Understanding the difference between the robots.txt file
and Robots <META> Tag is critical for search engine optimization and
security. It can have a profound impact on the privacy of your website and
customers as well. The first thing to know is what robots.txt files and Robots
<META> Tags are.
Robots.txt
Robots.txt is a file you place in your website’s top
level directory, the same folder in which a static homepage would go. Inside
robots.txt, you can instruct search engines to not crawl content by disallowing
file names or directories. There are two parts to a robots.txt directive, the
user-agent and one or more disallow instructions.

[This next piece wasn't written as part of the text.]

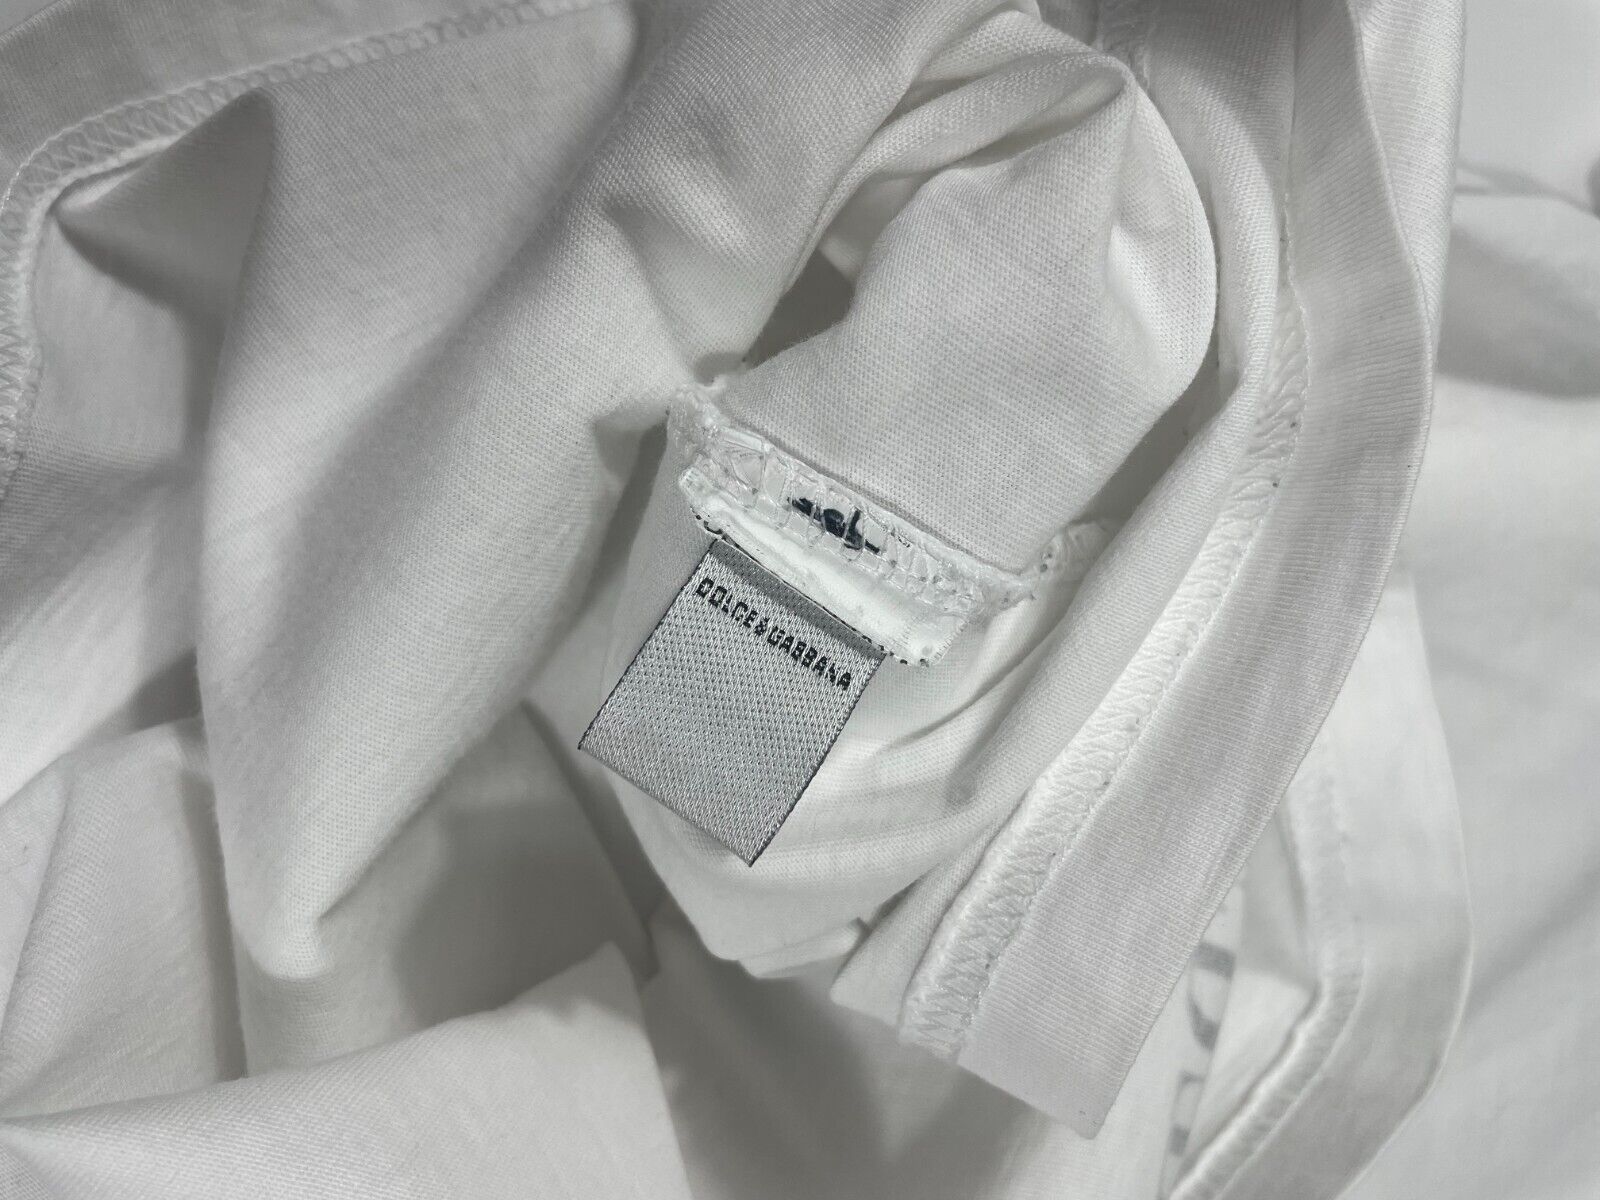 Dolce Gabbana D&G Monica Bellucci White T-shirt Xs-S sz y2k big print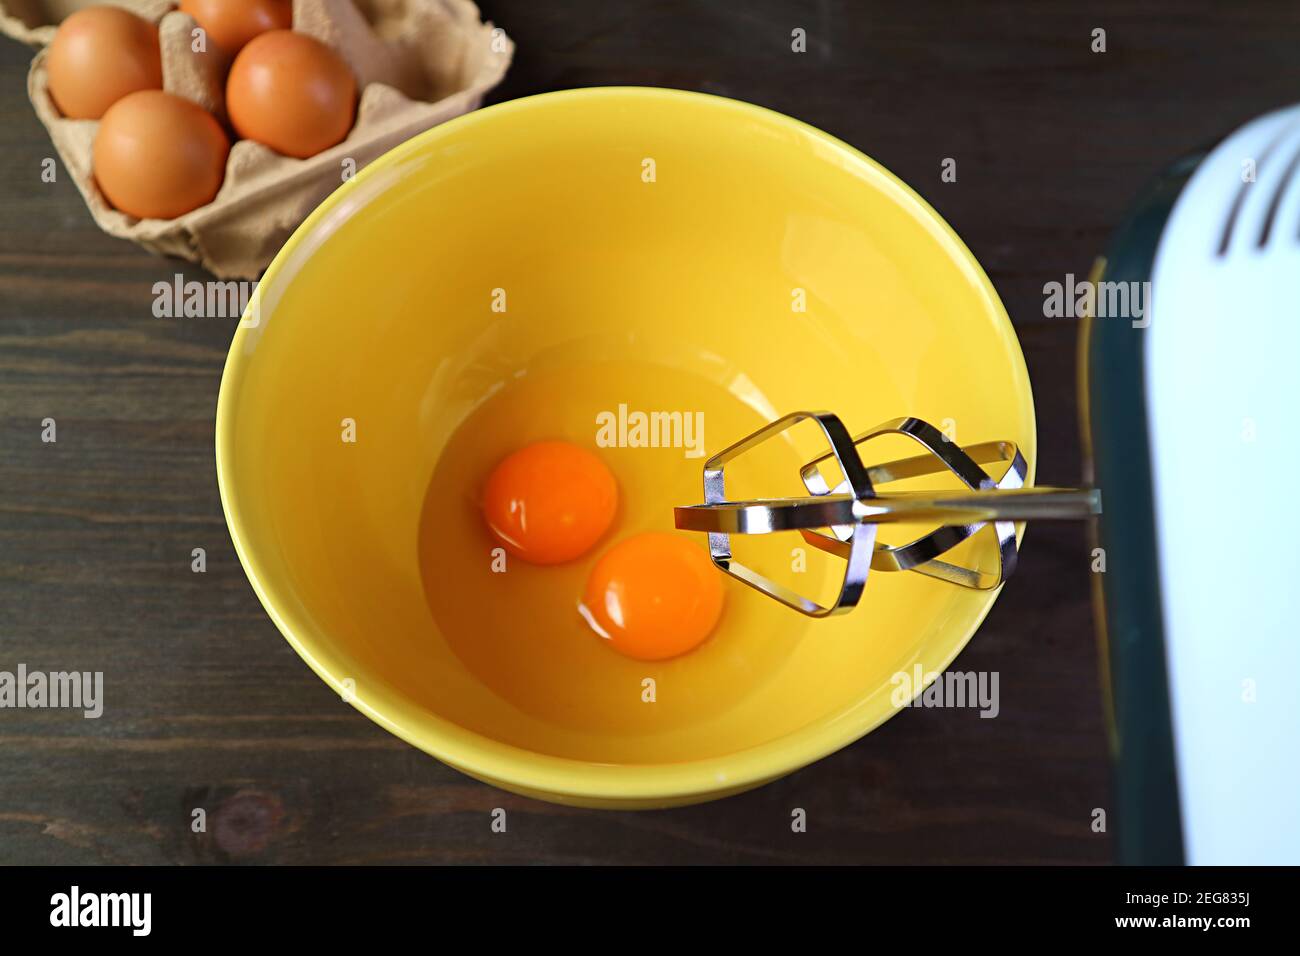 https://c8.alamy.com/comp/2EG835J/closeup-of-electric-egg-beater-going-to-beat-apair-of-raw-eggs-in-mixing-bowl-2EG835J.jpg

The user-agent specifies one or all Web crawlers or
spiders. When we think of Web crawlers we tend to think Google and Bing;
however, a spider can come from anywhere, not just search engines, and there
are many of them crawling the Internet.
Here is a simple robots.txt file telling all Web crawlers
that it is okay to spider every page:
User-agent: *
Disallow:
To disallow all search engines from crawling an entire
website, use:
User-agent: *
Disallow: /
The difference is the forward slash after Disallow:,
signifying the root folder and everything in it, including sub-folders and
files.
Is
Robots.txt A Security Or Privacy Risk?
Using robots.txt to hide sensitive or private files is a
security risk. Not only might search engines index disallowed files, it is like
giving a treasure map to pirates.
Use
Robots <META> Tag To Keep Files Out Of The Search Index
Because robots.txt does not exclude files from the search
indexes, Google and Bing follow a protocol which does accomplish exactly that,
the Robots <META> tag.
<html>
<head>
<title>...</title>
<META NAME="ROBOTS" CONTENT="NOINDEX,
FOLLOW">
</head>
The robots <META> tag provides two instructions:
- index or noindex
- follow or nofollow
Index or noindex instructs search engines whether or not
to index a page. When you select index, they may or may not choose to include a
webpage in the index. If you select noindex, the search engines will definitely
not include it.
Follow or nofollow instructs Web crawlers whether or not
to follow the links on a page. It is like adding an rel=”nofollow” tag to every
link on a page. Nofollow evaporates PageRank, the raw search engine ranking
authority passed from page to age via links. Even if you noindex a page, it is
probably a bad idea to nofollow it. Let PageRank flow through to its final
conclusion. Otherwise, you could be pouring perfectly good link juice down the
drain.
When you want to exclude a page from the search engine
indexes, do this:
<html>
<head>
<title>...</title>
<META NAME="ROBOTS" CONTENT="NOINDEX,
FOLLOW">
</head>